Волков надорвал конверт и вынул типографский бланк со вписанными чернилами словами.
Это было извещение о гибели отца…
… На рейхстаге Волков расписался четыре раза. За себя, за мать, за отца и за мертвого Сашку Рейна… Постоял немного, подумал и расписался в пятый раз. За Федосеевну.
В июне сорок пятого пришел приказ: «Всех военнослужащих рядового и сержантского состава рождения 1926 — 1927 годов, имеющих образование не ниже восьми классов, направить в офицерские училища и школы для прохождения дальнейшей службы…»
Волков попал на Урал в военно-авиационную школу.
Целый год Волков ходил в караул и занимался в классах УЛО — учебно-летного отдела. Он изучал радиосвязь, теорию полета, воздушную навигацию, аэродинамику, бомбометание, моторы, стрелково-пушечное вооружение, аэрофотосъемку и многое другое.
Кроме того, Волков занимался акробатикой.
Начальником отдела физической подготовки школы был лейтенант Король, бывший цирковой артист. Это был франтоватый и веселый человек. Он носил хромовые сапоги с белым рантом, широченные бриджи и фуражку с огромным околышем и микроскопическим козырьком. Он нравился радисткам, оружейницам, хронометражисткам и медицинским сестрам. Его сальто, стойки и большие обороты на турнике вызывали уважение и зависть.
Король умел со всеми ладить. С девчонками, служившими в школе, Король разговаривал с небрежной нежностью, с курсантами старался быть в приятельских отношениях, а перед старшими офицерами щеголял прекрасной выправкой и безоговорочной исполнительностью.
Он красиво носил форму, и девицы с танцплощадки принимали его за летчика. Когда же его спрашивали, почему он сейчас не летает, Король туманно намекал на какую-то таинственную историю, в связи с которой он временно должен находиться не в воздухе, а на земле.

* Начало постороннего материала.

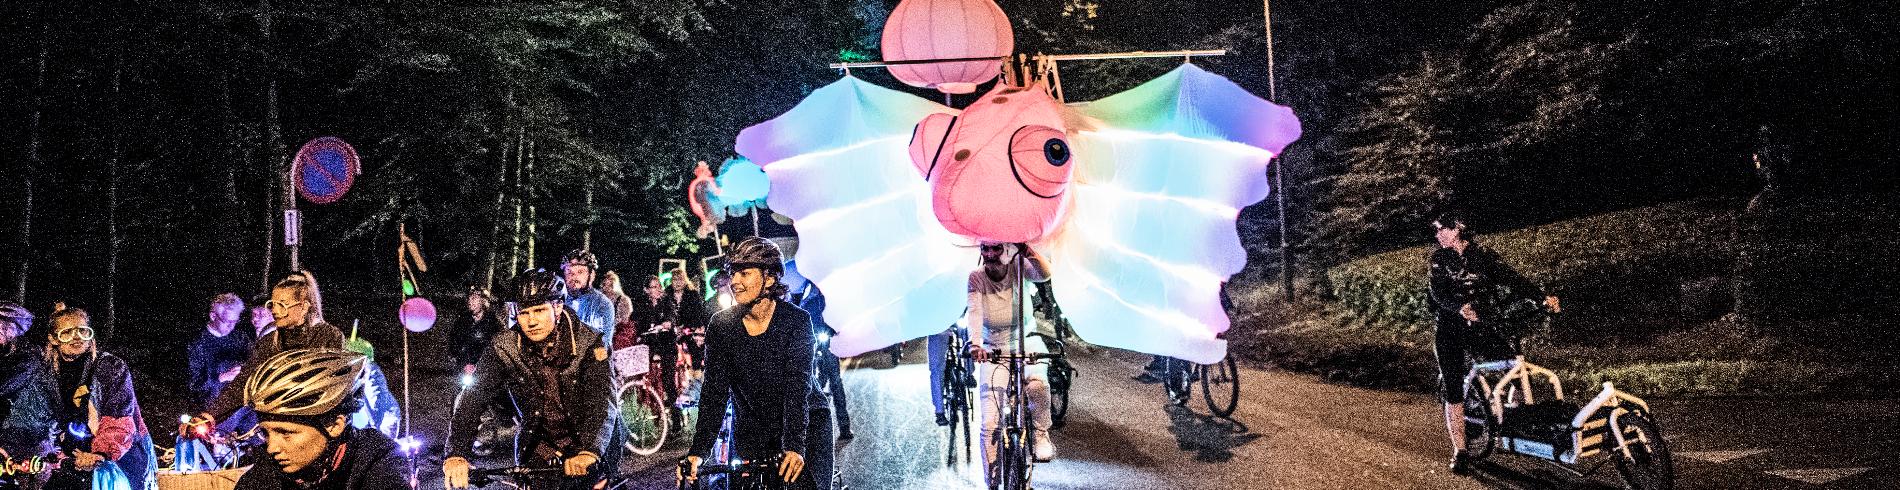 Aarhus Cykelfestival cover image

И тогда его косые полубачки, вылезающие из-под сдвинутой набекрень фуражки, казались еще более привлекательными, и Король ходил по городку под звон осколков девчоночьих сердец.
Среди молодых курсантов Король сыпал разными мудреными летными словечками, и новички были убеждены, что перед ними ас, случайно пересевший из кабины бомбардировщика в маленькую дощатую комнатку, увешанную спортивными грамотами и уставленную пыльными мельхиоровыми кубками.
Король вел секцию акробатики, а Волков с первых же дней пребывания в школе был избран старшиной секции.
В немногое свободное от караульной службы и занятий в УЛО время Волков тренировался под руководством лейтенанта Короля.
Тренер не мог нарадоваться на своего ученика, а ученик совершенно ясно, до жалости сознавал пустяковость своего тренера как человека вообще, но не мог не отдавать ему должное как профессиональному акробату…
***
— Как вы себя чувствуете, Дмитрий Сергеевич?
Волков открыл глаза, и боль, все усиливаясь и усиливаясь, снова стала разъедать его тело. Теперь он уже лежал в маленькой, очень светлой комнате, и трое в белых халатах стояли вокруг его кровати, а четвертый — худой старик в очках — сидел рядом на стуле.
— Как вы себя чувствуете, Дмитрий Сергеевич? — повторил старик в очках.
Волков с трудом вдохнул, набрал силы и ответил:
— Хуже некуда…
К своему удивлению, он ответил шепотом, но старик все расслышал и сказал без улыбки:
— Есть куда и хуже.
— Я здесь давно?.. — шепотом спросил Волков.
— Нет, — ответил старик. — Третий день.
— Что со мной?
— Уйма всяких неприятностей.
— Поправимых?.. — Волков задыхался от боли.
— Вполне, — сказал старик.
— Доктор!.. — отчаянно сказал Волков. — Вы же доктор? Да?
— Да.
— Доктор… — сказал Волков. — Вы мне дайте что-нибудь против боли… Или наркоз какой-нибудь… Мне бы хоть часок отдохнуть! Я посплю часок и опять буду терпеть… А сейчас у меня силы кончились… Вы меня усыпите как-нибудь ненадолго.
— Дайте Дмитрию Сергеевичу бромурал с нембуталом, — сказал старик через плечо, и кто-то из стоящих за его спиной закивал головой. — Пусть поспит, отдохнет.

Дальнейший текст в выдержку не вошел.